Né en 1961 à Paris d’un père français et d’une mère espagnole, Pierre Brunet a trouvé sa première vocation comme journaliste free-lance. En 1994, il croise sur sa route l’humanitaire, et s’engage comme volontaire au Rwanda, dévasté par un génocide. Il repart début 1995 en mission humanitaire en Bosnie-Herzégovine, alors déchirée par la guerre civile. Il y assumera les responsabilités de coordinateur de programme à Sarajevo, puis de chef de mission.
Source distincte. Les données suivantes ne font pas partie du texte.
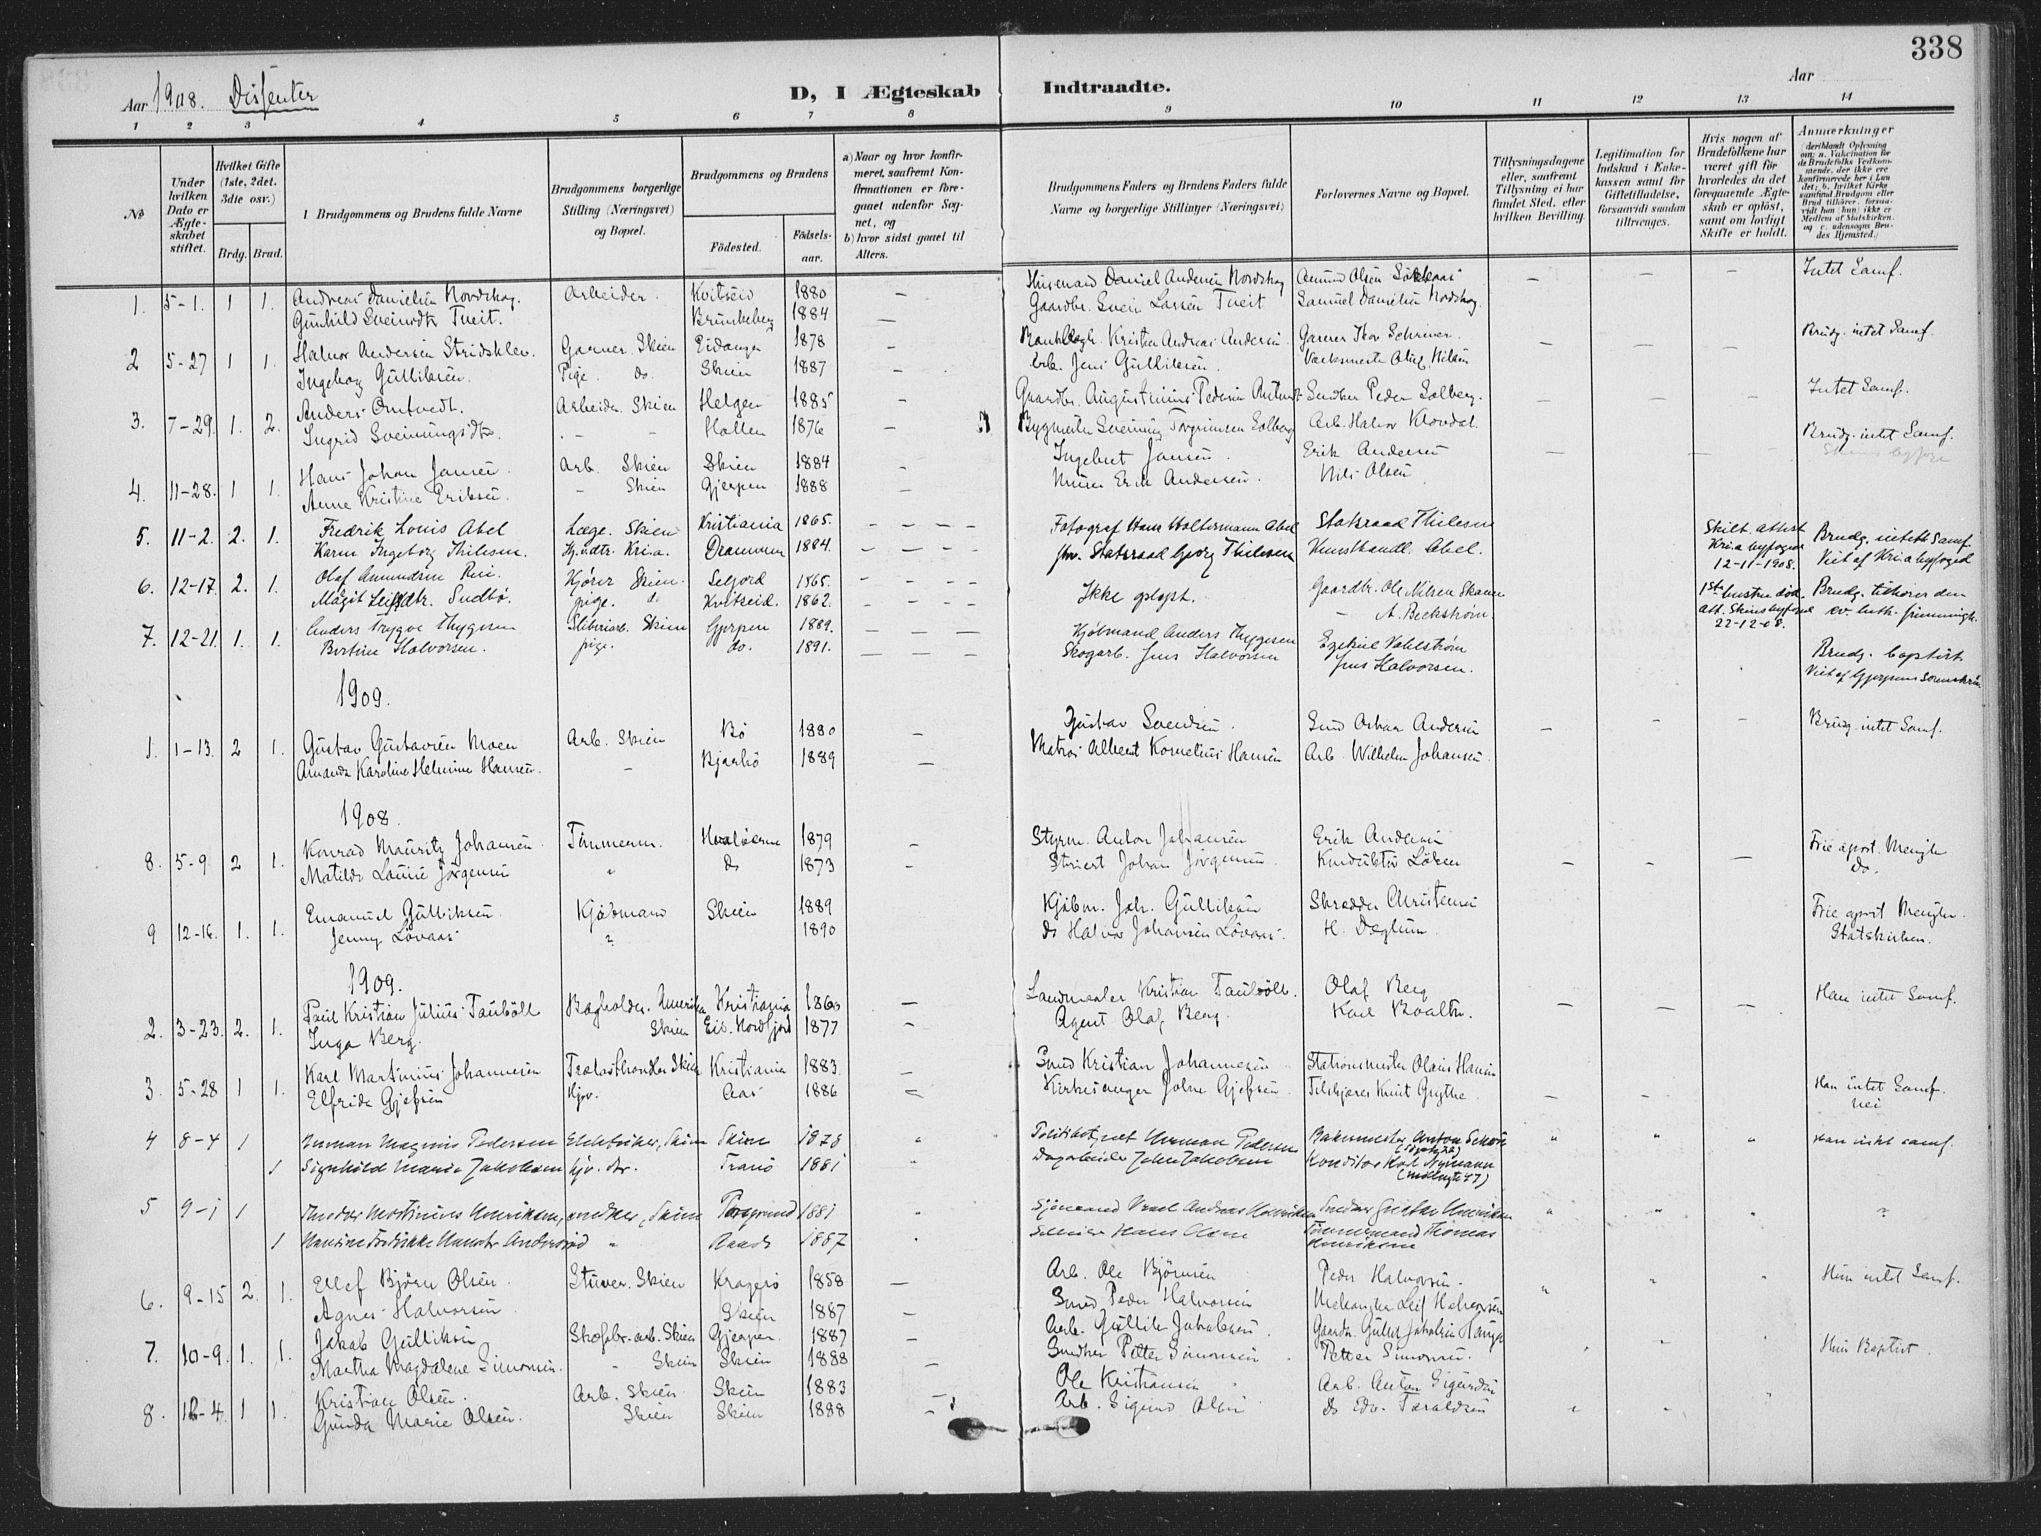 SAKO, Skien kirkebøker, F/Fa/L0012: Ministerialbok nr. 12, 1908-1914, s. 338

A son retour en France fin 1996, il intègre le siège de l’ONG française SOLIDARITES INTERNATIONAL, pour laquelle il était parti en mission. Il y sera responsable de la communication et du fundraising, tout en retournant sur le terrain, comme en Afghanistan en 2003, et en commençant à écrire… En 2011, tout en restant impliqué dans l’humanitaire, il s’engage totalement dans l’écriture, et consacre une part essentielle de son temps à sa vocation d’écrivain.

Pierre Brunet est Vice-Président de l’association SOLIDARITES INTERNATIONAL. Il s’est rendu sur le terrain dans le Nord-Est de la Syrie, dans la « jungle » de Calais en novembre 2015, ou encore en Grèce et Macédoine auprès des migrants en avril 2016.
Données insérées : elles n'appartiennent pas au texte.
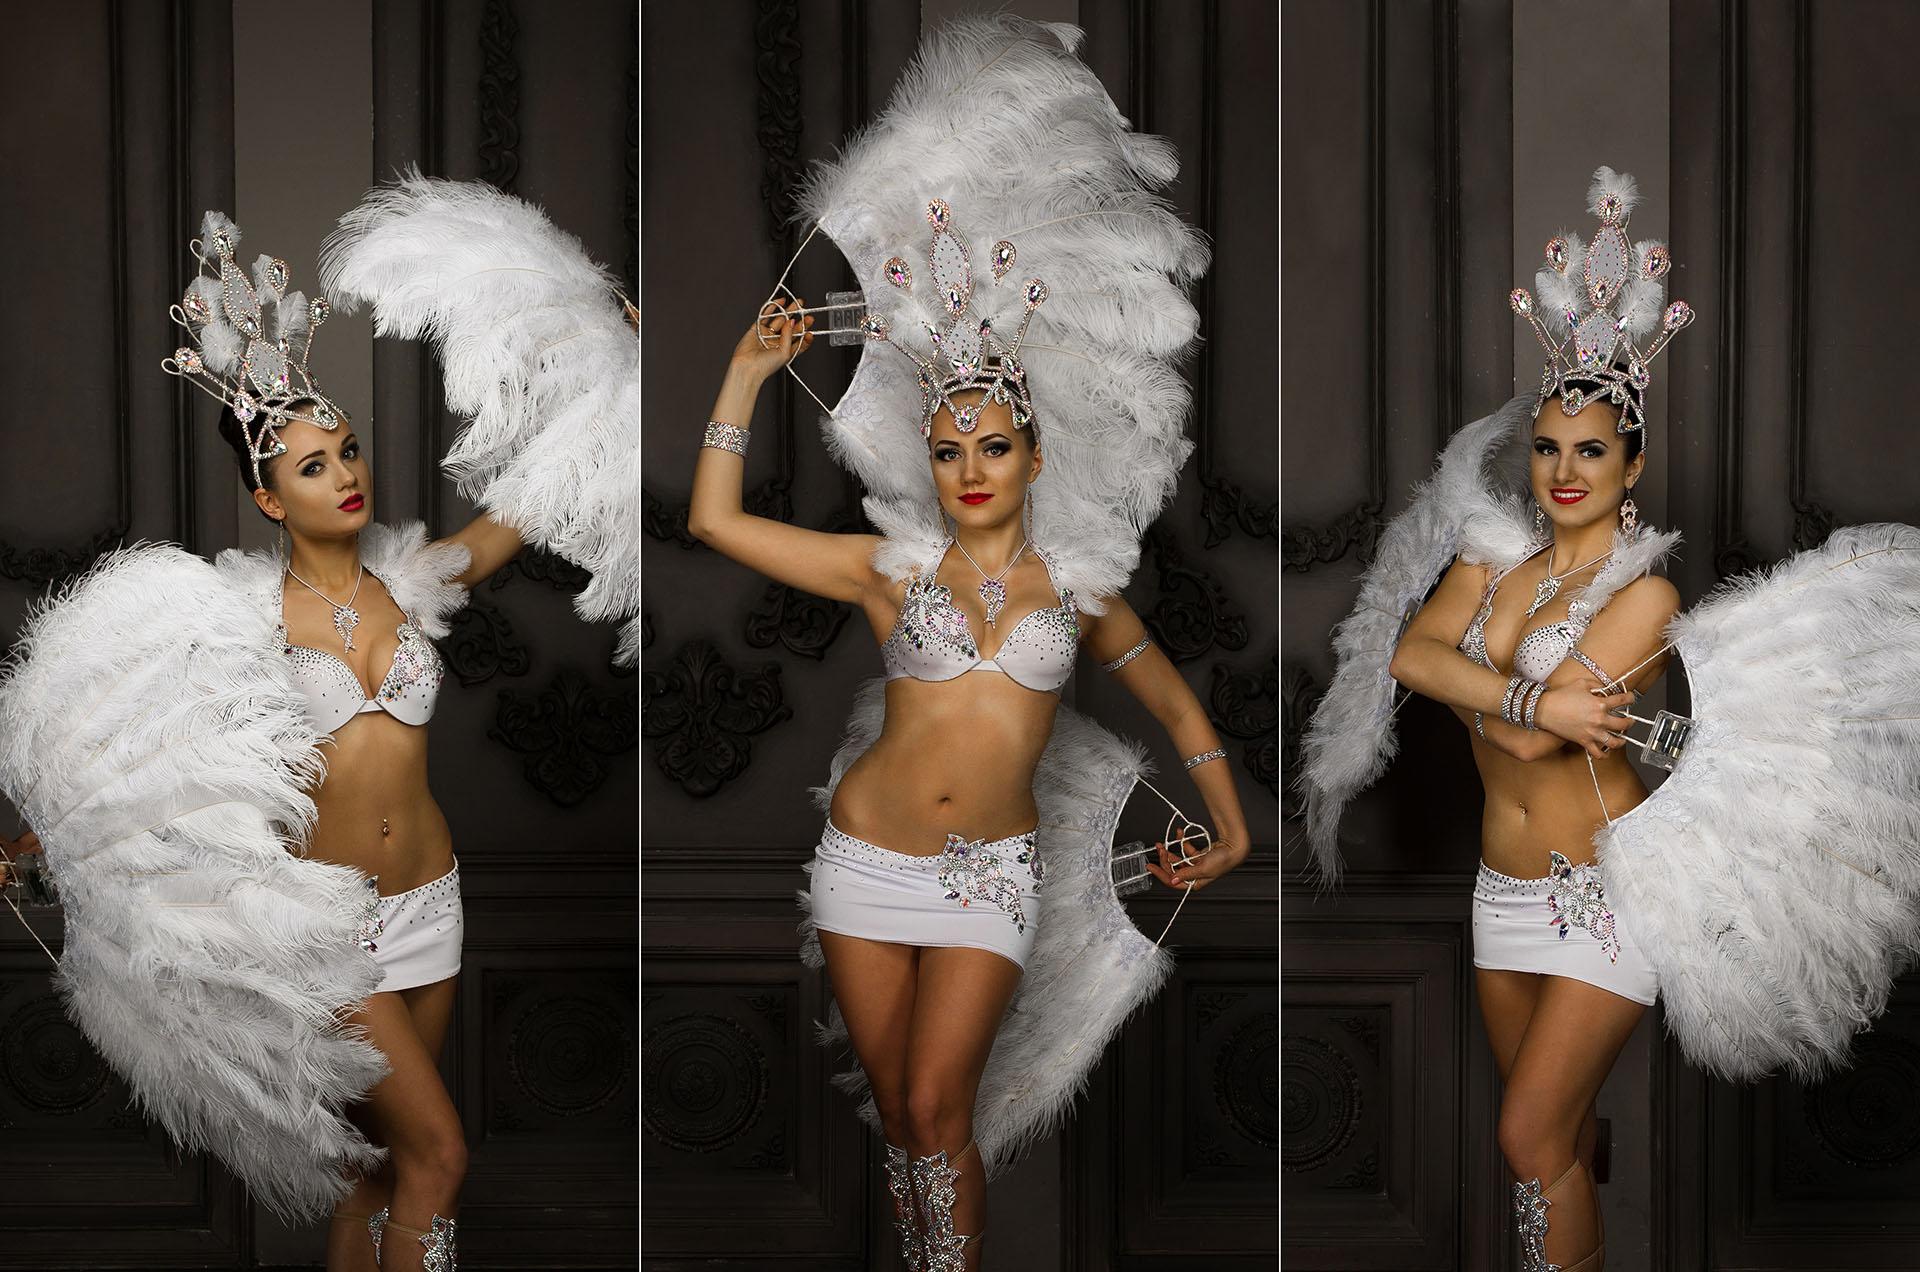 Антре | Шоу-балет Exotic Art в Санкт-Петербурге

Les romans de Pierre Brunet sont publiés chez Calmann-Lévy :

  • Janvier 2006 : parution de son premier roman « Barnum » chez Calmann-Lévy, récit né de son expérience humanitaire.
  • Septembre 2008 : parution de son second roman « JAB », l’histoire d’une petite orpheline espagnole grandie au Maroc qui deviendra, adulte, une boxeuse professionnelle.
  • Mars 2014 : sortie de son troisième roman « Fenicia », inspiré de la vie de sa mère, petite orpheline espagnole pendant la guerre civile, réfugiée en France, plus tard militante anarchiste, séductrice, qui mourut dans un institut psychiatrique à 31 ans.
  • Fin août 2017 : sortie de son quatrième roman « Le triangle d’incertitude », dans lequel l’auteur « revient » encore, comme dans « Barnum » au Rwanda de 1994, pour évoquer le traumatisme d’un officier français à l’occasion de l’opération Turquoise.

Parallèlement à son travail d’écrivain, Pierre Brunet travaille comme co-scénariste de synopsis de séries télévisées ou de longs-métrages, en partenariat avec diverses sociétés de production. Il collabore également avec divers magazines en publiant des tribunes ou des articles, notamment sur des sujets d’actualité internationale.